[Start of section]

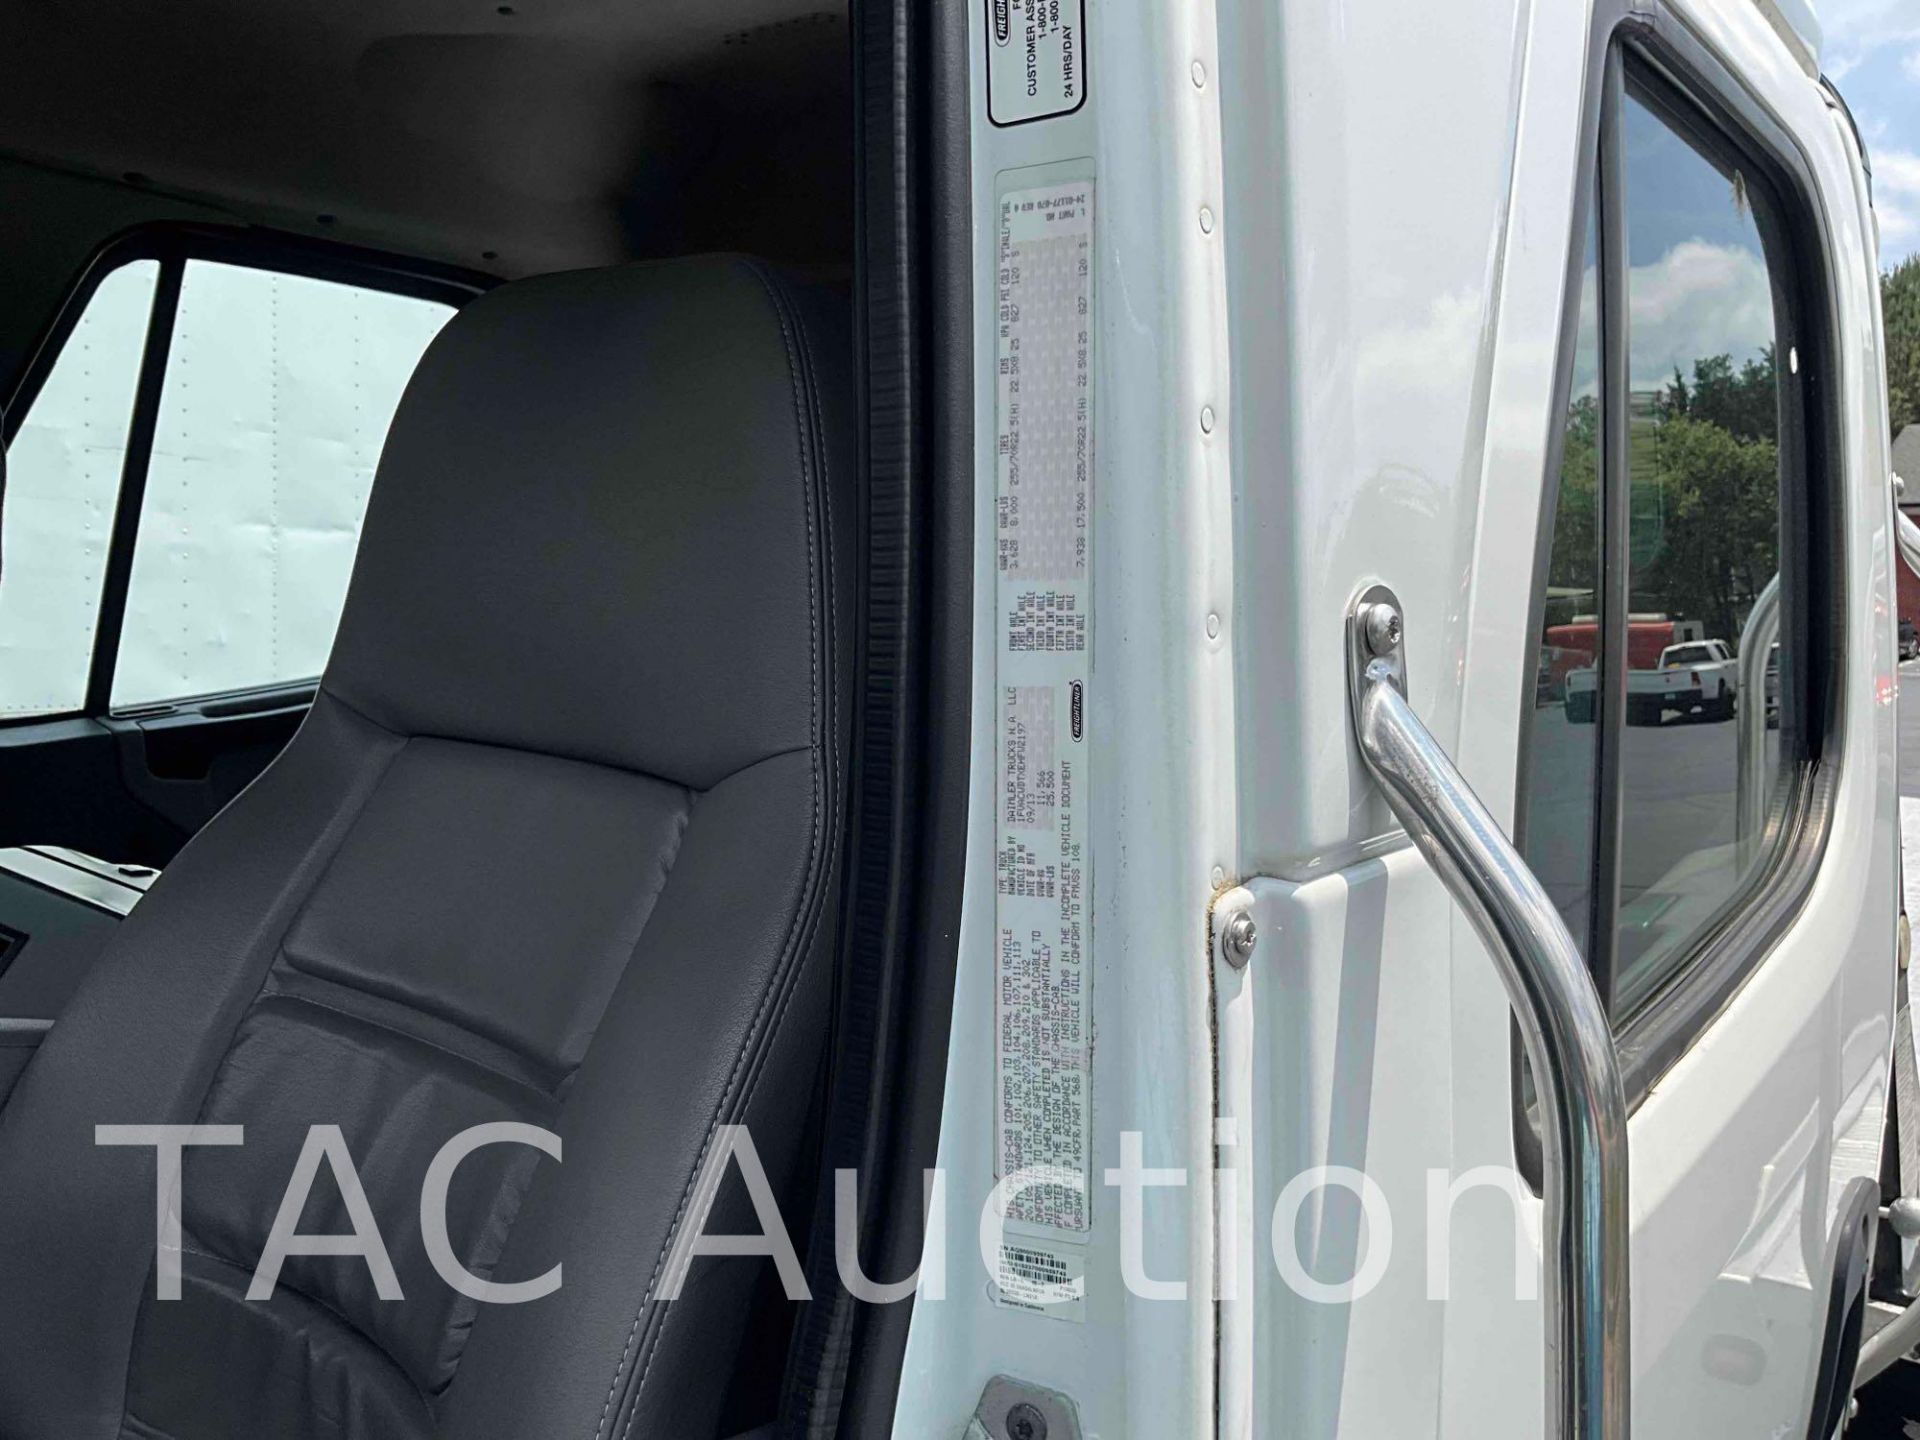 2014 Freightliner M2 Crew Cab Rollback Truck - Image 27 of 71
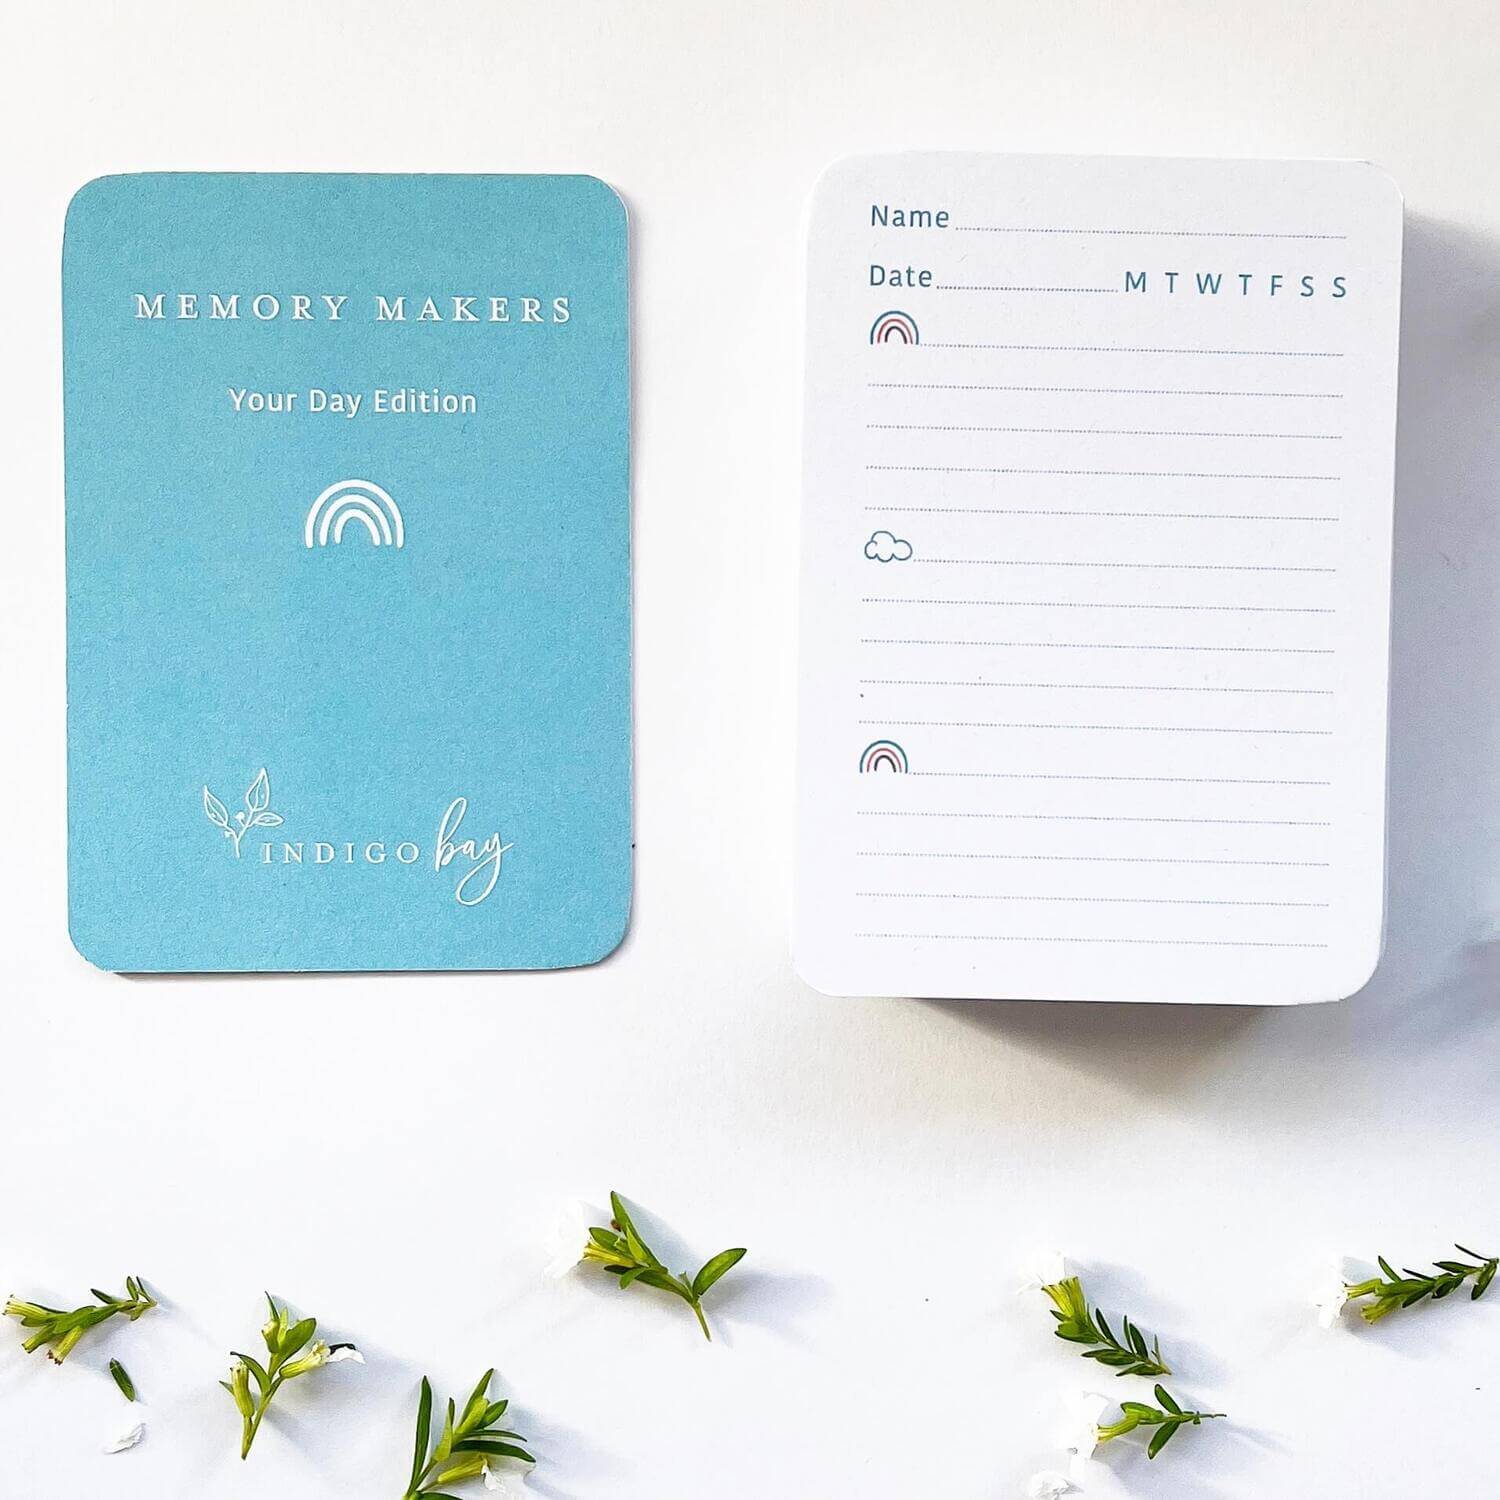 Memory Makers Your Day Edition title card and sample card | Journal cards to encourage connection
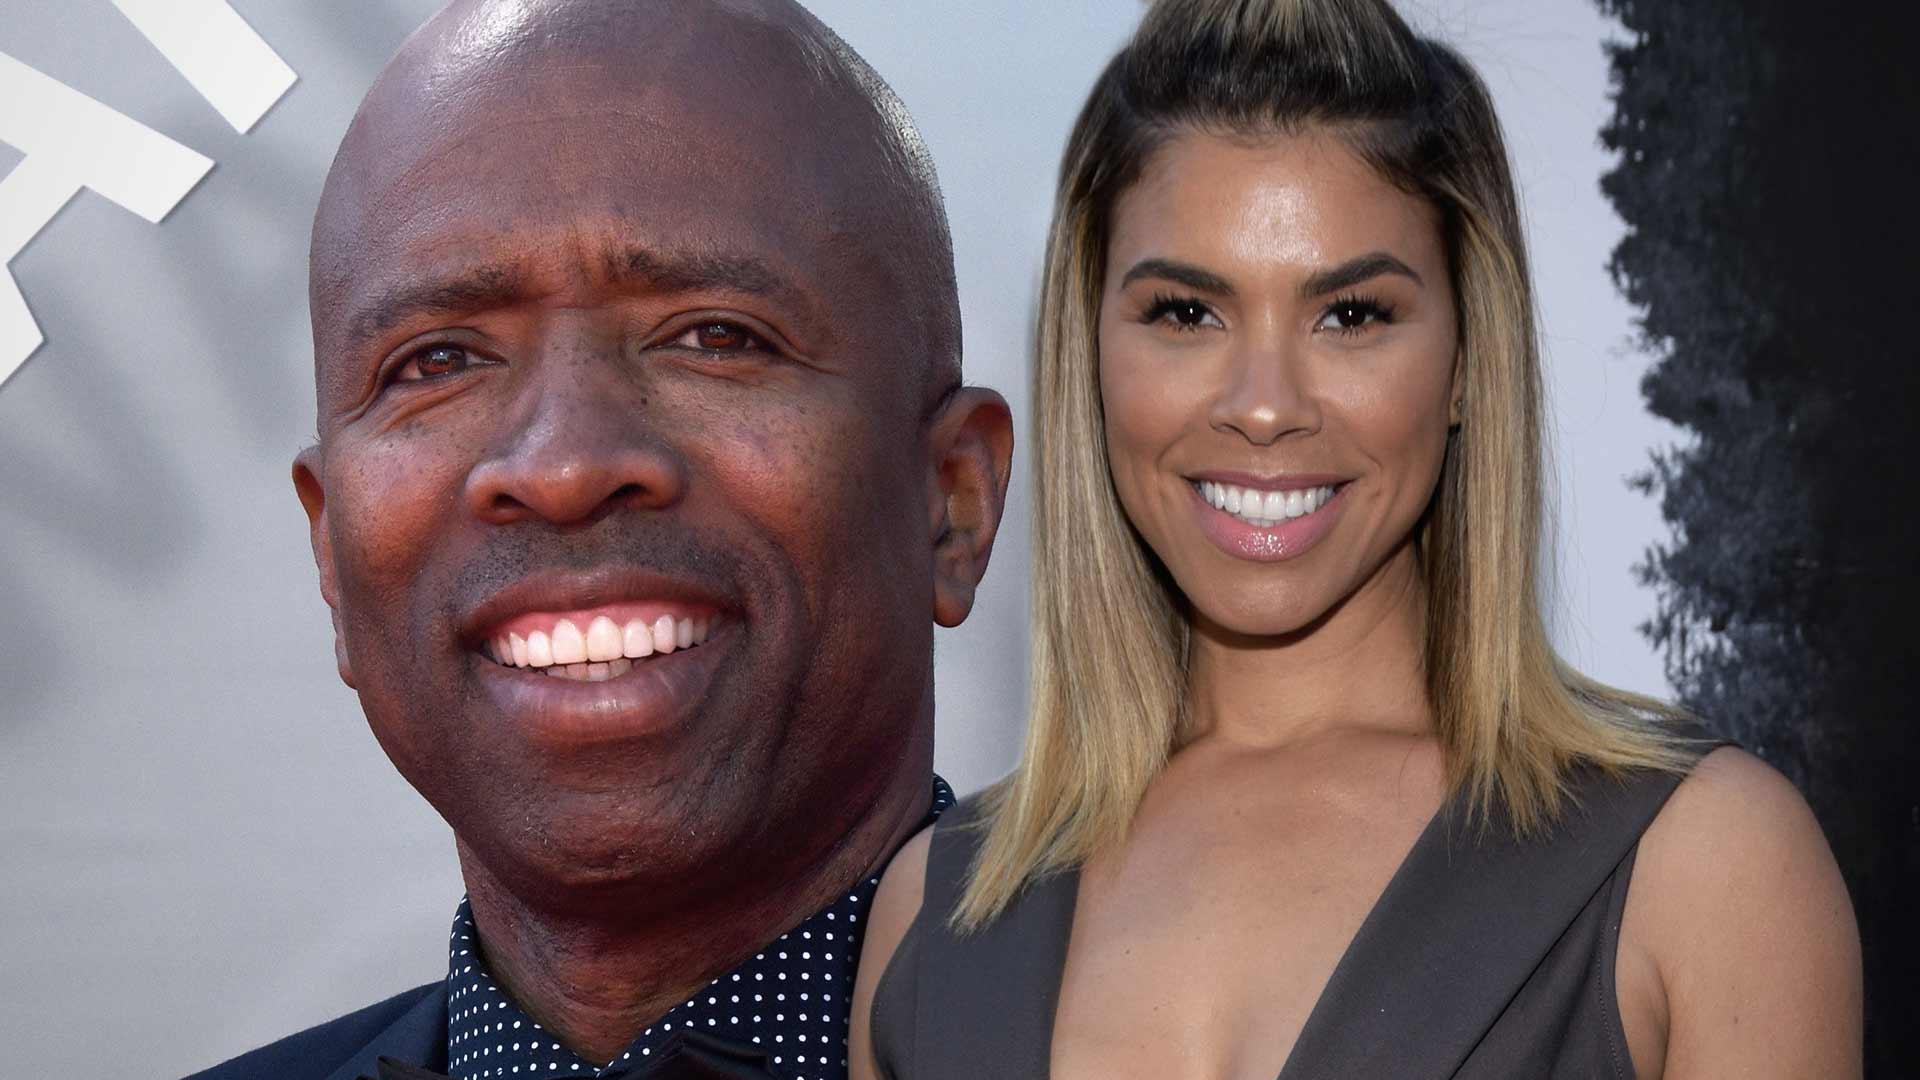 Kenny Smith’s Ex-Wife Garnishing His ‘Inside the NBA’ Paychecks to Pay Child and Spousal Support

[End of section]

### Work request
Please retype the material above exactly, and omit its images.

### Task result
 2014 Freightliner M2 Crew Cab Rollback Truck - Image 27 of 71
 Memory Makers Your Day Edition title card and sample card | Journal cards to encourage connection
 Kenny Smith’s Ex-Wife Garnishing His ‘Inside the NBA’ Paychecks to Pay Child and Spousal Support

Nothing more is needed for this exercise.